Perihan Mağden - Ali ile Ramazan kitabı için internette en çok yapılan aramalardan birisi de Ali ile Ramazan PDF linkidir. İnternette ücretli olarak satılan çoğu kitabın PDFleri bulunmaktadır. Ancak bu PDF'leri yasal olmayan yollarla indirmek ve kullanmak hem yasalara hem de ahlaka aykırıdır. Yayın evlerinin sitesinden PDF satılıyorsa indirebilirsiniz.
Kitabın Yazarı Perihan Mağden Kimdir?
Perihan Mağden (d. 1960, İstanbul) Türk yazar.
Robert Kolej ve Boğaziçi Üniversitesi Psikoloji bölümünü bitirdi. Köşe yazıları yazmaya başlamadan önce 3 yıl Asya'da dolaştı. Hindistan, Japonya ve ABD'de bulundu, çeşitli işlerde çalıştı. 1997-2005 yılları arasında Radikal gazetesinde çalıştı. 2005 sonbaharında Yeni Aktüel dergisinde köşe yazıları yazmaya başladı. 2006 Ekim'inden itibaren de bir süre RED dergisinde yazıları yayımlandı. 2007 Şubat ayından itibaren yine Radikal'de köşeyazıları yazmaya başladı. İki Genç Kızın Romanı adlı kitabı Kutluğ Ataman tarafından İki Genç Kız adıyla filme çekildi.
2008 yılında Mağden'in ilk romanı olan Haberci Çocuk Cinayetleri, Hollanda ve Rusya`da yayınlandı. Hollanda`da Hamide Doğan tarafından Felemenkçeye çevrilen Haberci Çocuk Cinayetleri adlı kitap, Athenaeum-Polak& Van Gennep tarafından basıldı. Rusya`da ise Mağden, kitabın yayınlanmasıyla birlikte Moskova`daki Gayatri Yayınevi`nin ilk Türk yazarı oldu.
3 Kasım 2011 tarihinden 19 Ekim 2014 tarihine kadar Taraf Gazetesi'nde köşe yazarlığı yaptı.
10 Ağustos 2015 tarihinden bu yana da Nokta Dergisi'nde köşe yazıları yayınlanıyor.
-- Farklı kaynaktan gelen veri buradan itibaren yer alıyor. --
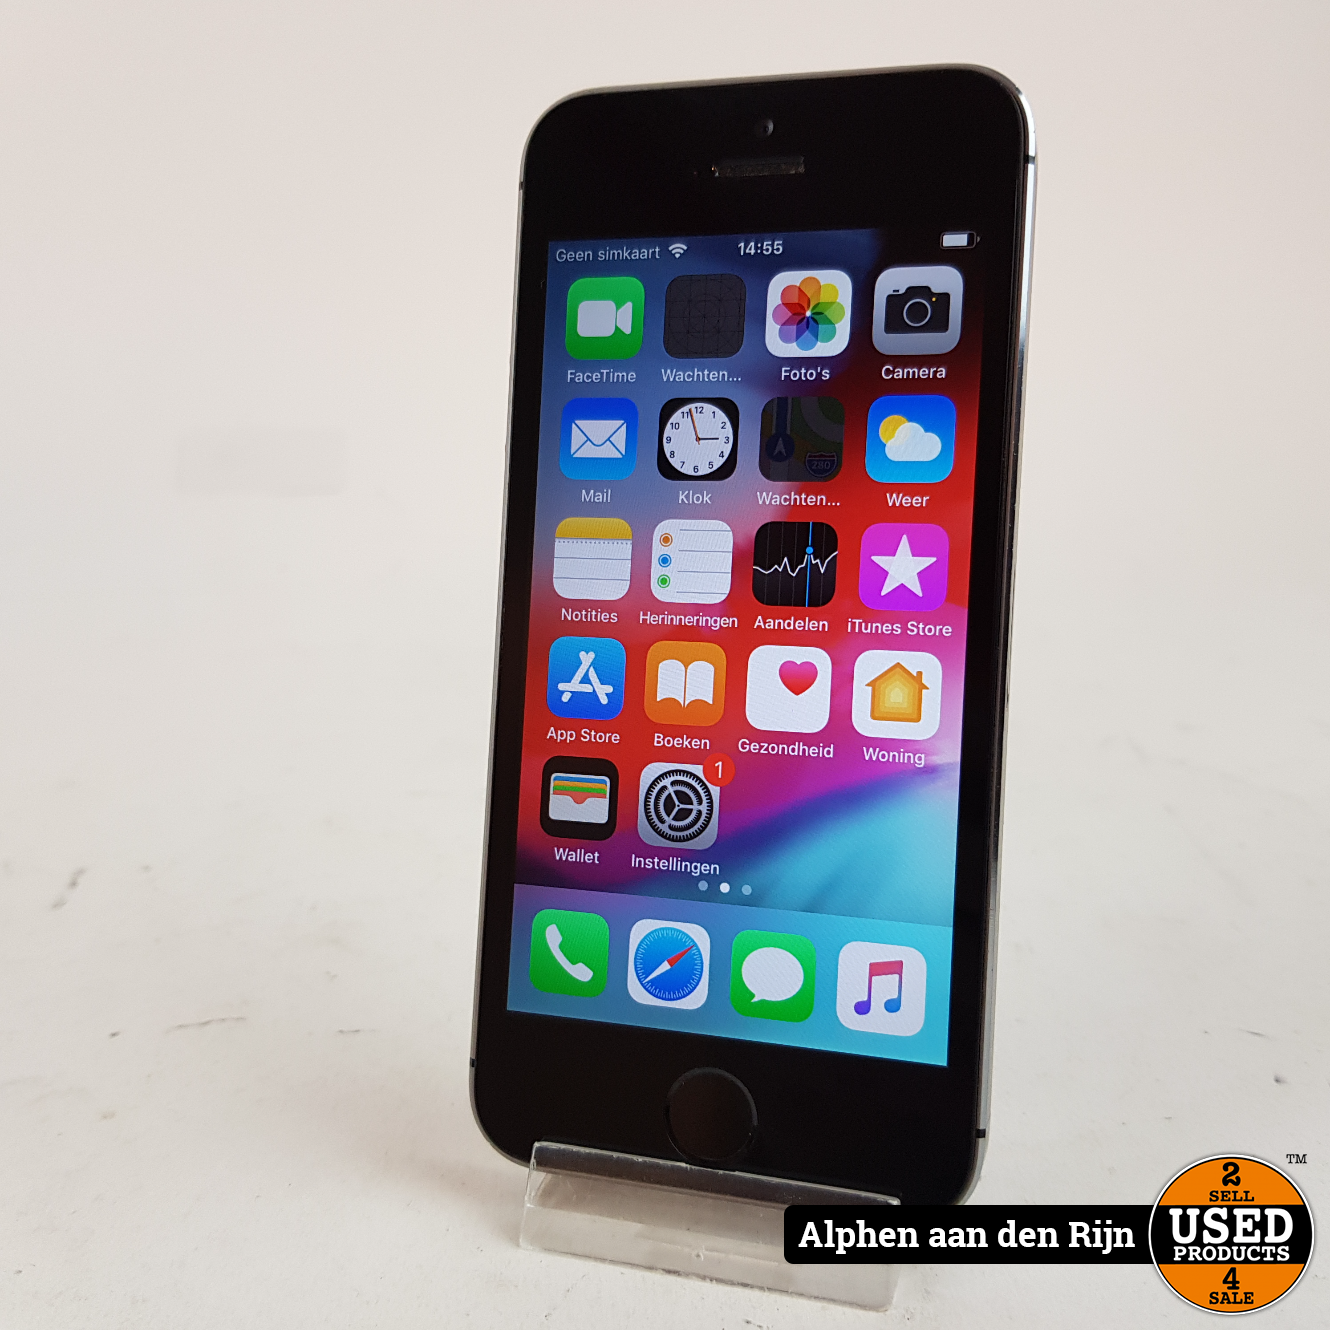 hoofdkussen Groet Bijna Apple iPhone 5s 16gb Space gray - Used Products Alphen aan den Rijn

Perihan Mağden Kitapları - Eserleri
- İki Genç Kızın Romanı
- Ali ile Ramazan
- Biz Kimden Kaçıyorduk Anne?
- Korkma Bu Akşam Gelip Çalmam Kapını
- Herkes Seni Söylüyor - Sahi Mutsuz musun?
- Yıldız Yaralanması
- Refakatçi
- Haberci Çocuk Cinayetleri
- Tehlikeli Temayüller
- Best Of Perihan Mağden
- Topladım Dağılan Kalbimin Her Köşesini
- Kapı Açık Arkanı Dön ve Çık
- Son Yazılar
- Yaz Kitabı
- Kış Kitabı
- Fakat Ne Yazık ki Sokak Boştu
- Hangimiz Uğramadık Sanki Haksızlıklara
- Dünya İşleri
- Politik Yazılar
- Mutfak Kazaları
Perihan Mağden Alıntıları - Sözleri
- Ölümün geri dönüşsüzlüğü, içimi dağlıyor. (Herkes Seni Söylüyor - Sahi Mutsuz musun?)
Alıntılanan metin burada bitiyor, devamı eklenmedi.